Ces réductions massives des peines ont conduit à la libération d’un certain nombre d’anciens hauts responsables de la sécurité comme le Général et ex-chef de la sécurité présidentielle Ali Siriati, Lotfi Zouaoui, ex-directeur général de la sureté publique, Adel Touiri, directeur général de la sureté nationale, le brigadier Jalel Boudriga ex-directeur général des unités d’intervention et Rachid Abid, ex-directeur général des unités spécialisées condamnés à trois ans de prison (peines qu’ils ont déjà purgé). L’ancien ministre de l’Intérieur Rafik Haj Kacem, condamné lui aussi à trois ans de prison, sera libéré en mai prochain.

Après que ce verdict ait été prononcé, des altercations ont eu lieu devant la Cour d’appel militaire de Tunis entre les forces de l’ordre et des familles de victimes qui ont vécu cette décision comme une injure à la mémoire des « martyrs » de la révolution.

« Hautement symboliques, ces premières procédures se devaient d’être exemplaires. Or non seulement elles ont été confiées à la justice militaire au mépris des standards internationaux mais en outre, ce verdict semble révéler que la Cour d’appel militaire n’a pas su se démarquer de l’extrême politisation du dossier. »
a déclaré Karim LAHIDJI, président de la FIDH.
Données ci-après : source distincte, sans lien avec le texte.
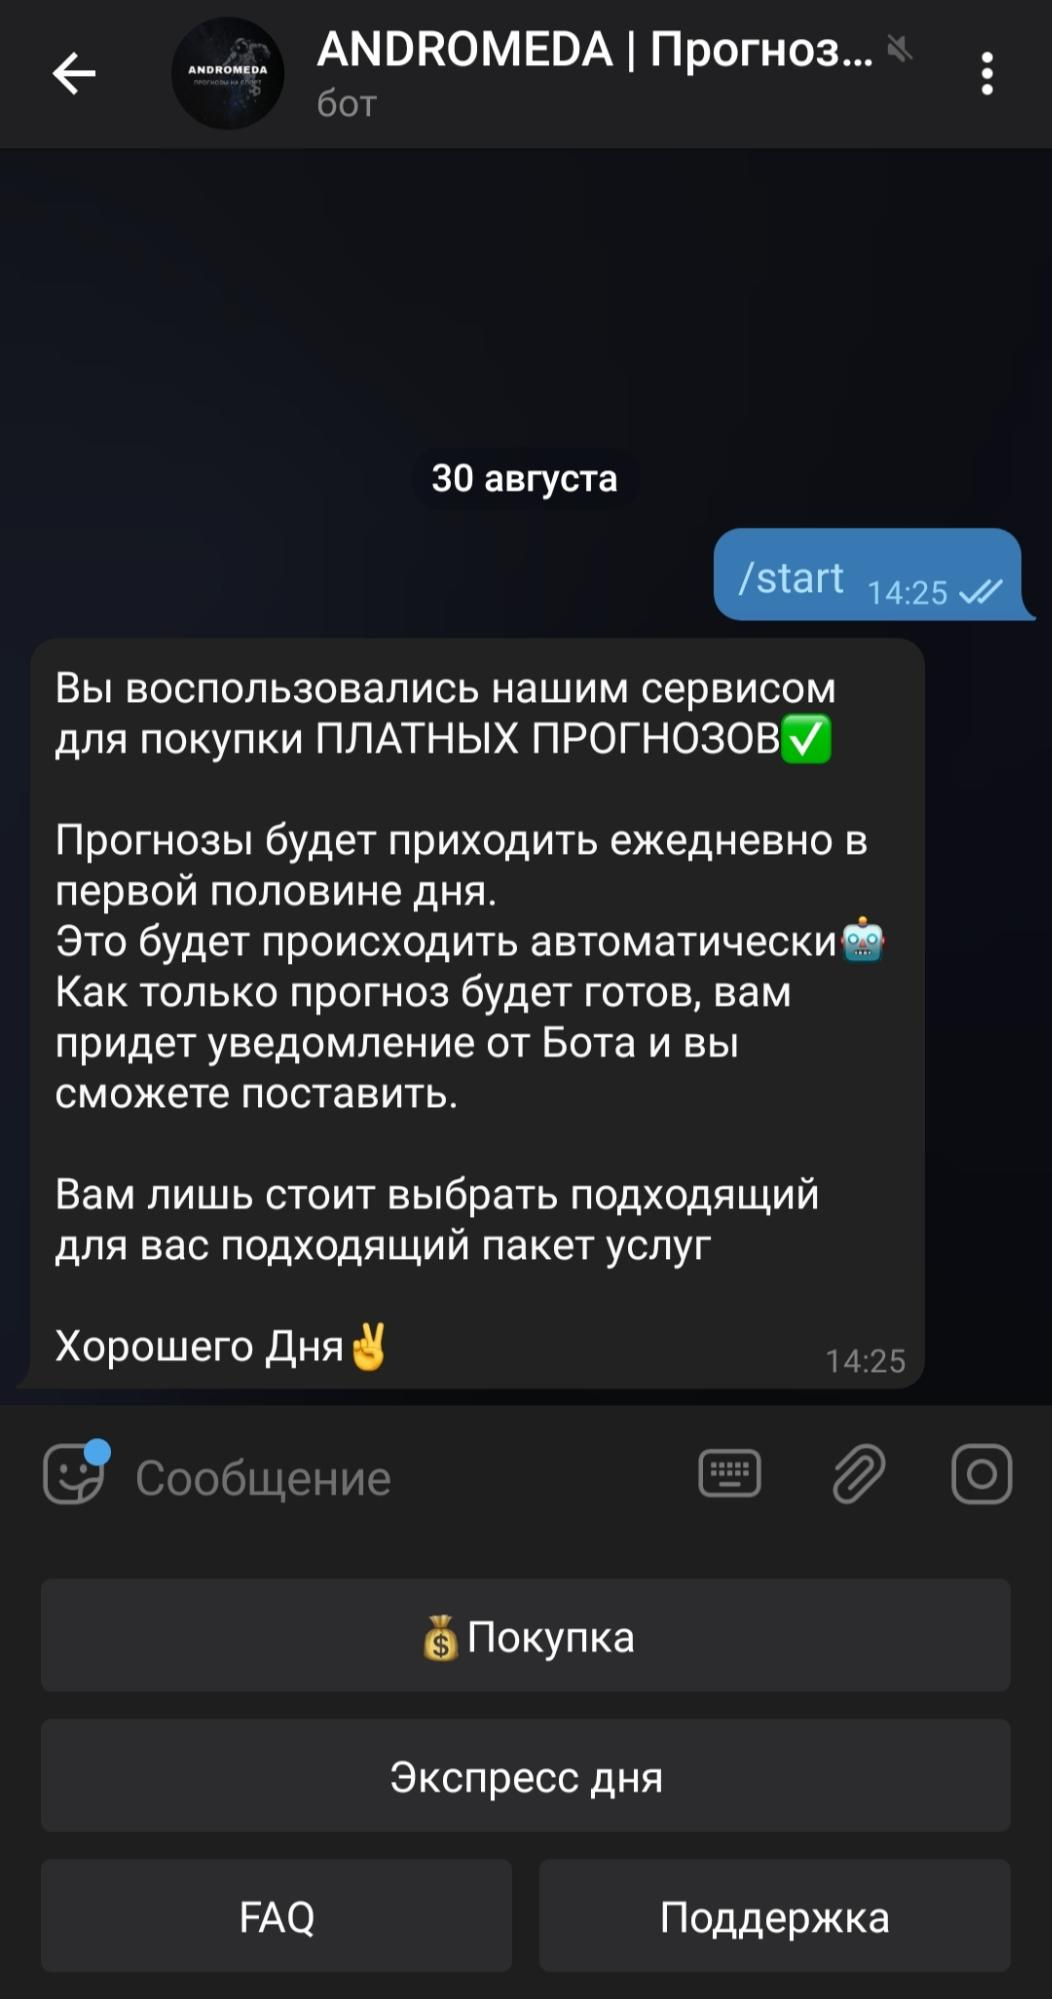 Меню бота Андромеда Телеграмм

Les peines clémentes prononcées en appel le 12 avril 2014 par la Cour d’Appel dans le cadre de ces trois affaires traduisent la non-reconnaissance des chaînes de commandement qui engagent la responsabilité des décideurs politiques. Cette décision est particulièrement préoccupante alors que plusieurs autres procès portant sur les répressions intervenues dans d’autres villes pendant le soulèvement sont encore pendantes devant cette même Cour d’appel militaire.

La FIDH qui a observé plusieurs audiences du procès dit de Thala - Kasserine depuis novembre 2012 regrette également que la procédure ait duré aussi longtemps, ne permettant pas de garantir le droit à un procès équitable et le droit à être jugé dans un délai raisonnable.
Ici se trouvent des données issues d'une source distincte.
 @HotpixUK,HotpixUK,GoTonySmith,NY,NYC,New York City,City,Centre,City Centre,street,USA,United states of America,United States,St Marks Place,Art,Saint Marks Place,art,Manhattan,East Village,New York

La FIDH appelle les magistrats composant la Cour d’appel militaire à faire preuve de diligence dans la tenue des audiences à venir, afin d’assurer que ces procès soient menés dans un délai raisonnable, à la fois dans le respect des droits de la défense et du droit des victimes à obtenir réparation de leurs préjudices. Elle appelle également la justice militaire à faire une application stricte et fidèle des principes de droit international qui s’imposent à la Tunisie, notamment celui de la responsabilité du supérieur hiérarchique pour les crimes commis sous son commandement.

Rappel du contexte
En juin 2012, le Tribunal militaire permanent de Kef rendait son verdict dans le procès de 22 personnes accusées pour les exactions policières commises entre décembre 2010 et janvier 2011 dans les villes de Kairouan, Tajérouine, Thala et Kasserine. Le Tribunal avait prononcé 13 condamnations, allant d’un an de prison à la perpétuité (à l’encontre de l’ancien président Ben Ali), et 9 acquittements.
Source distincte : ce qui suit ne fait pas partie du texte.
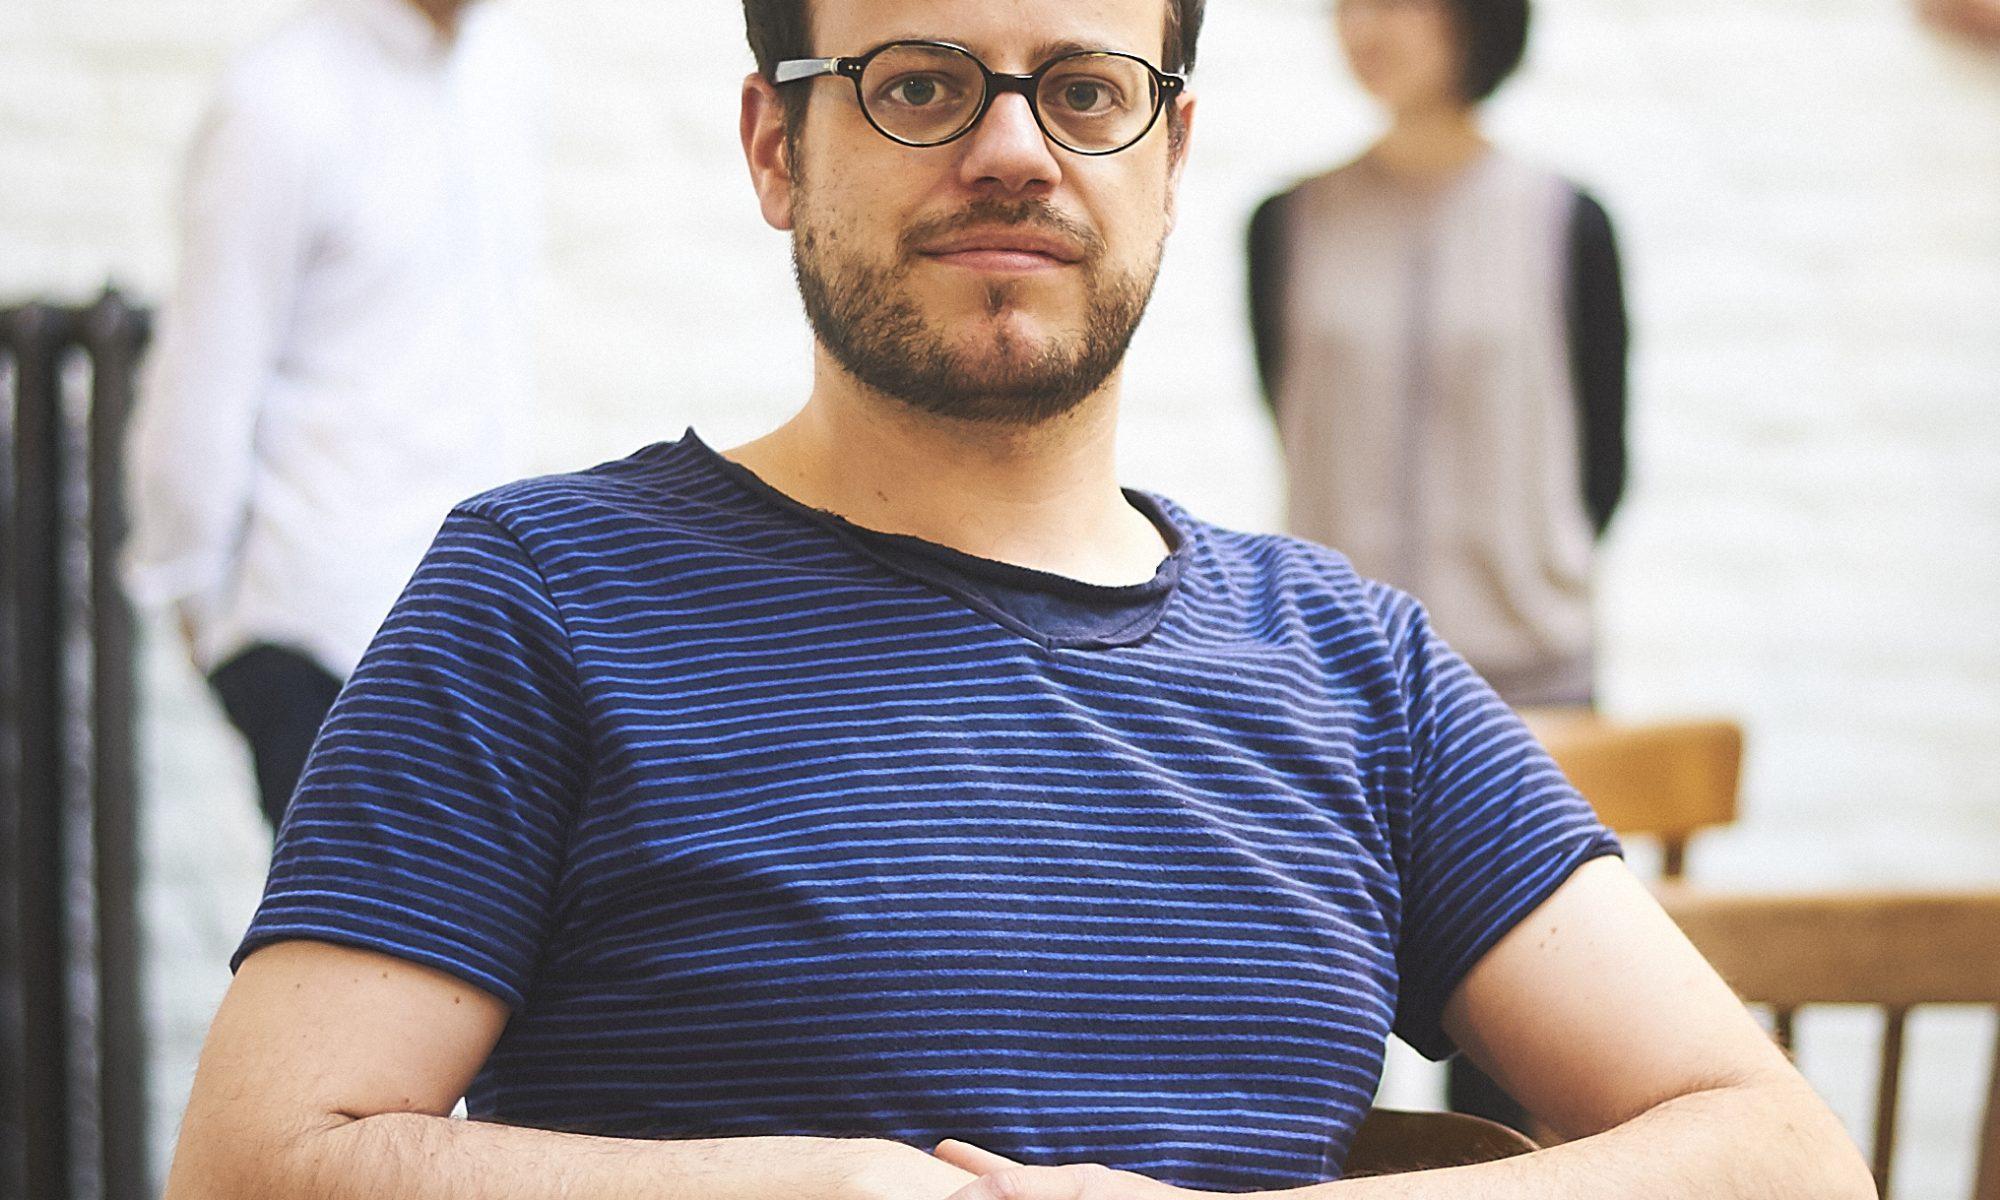 Philippe Koerper

Entre novembre 2012 et février 2014, La FIDH a mené plusieurs observations judiciaires, devant la Cour d’appel militaire de Tunis, afin d’assurer le suivi du procès dit de Thala et Kasserine, concernant les auteurs présumés d’exactions commises en répression des soulèvements populaires qui, dans ces villes, ont mené à la chute du régime du Président Ben Ali.

Au cours de la procédure d’appel qui a duré près d’un an et demi, la Cour d’appel militaire à Tunis a mené 14 audiences durant lesquelles elle a entendu de nombreux témoignages et répondu à de nombreuses demandes de complément d’instruction faites par les avocats des parties civiles, par le procureur général et par la défense.
En novembre 2012, le Président de la Cour avait notamment acté du besoin d’entendre le ministre de la Justice de l’époque sur les failles qui ont persisté tout au long de la procédure, et spécialement sur les lenteurs observées dans la mise en œuvre d’une enquête judiciaire, sur ces faits criminels.

La FIDH publiera dans les prochaines semaines un rapport d’observation de cette procédure.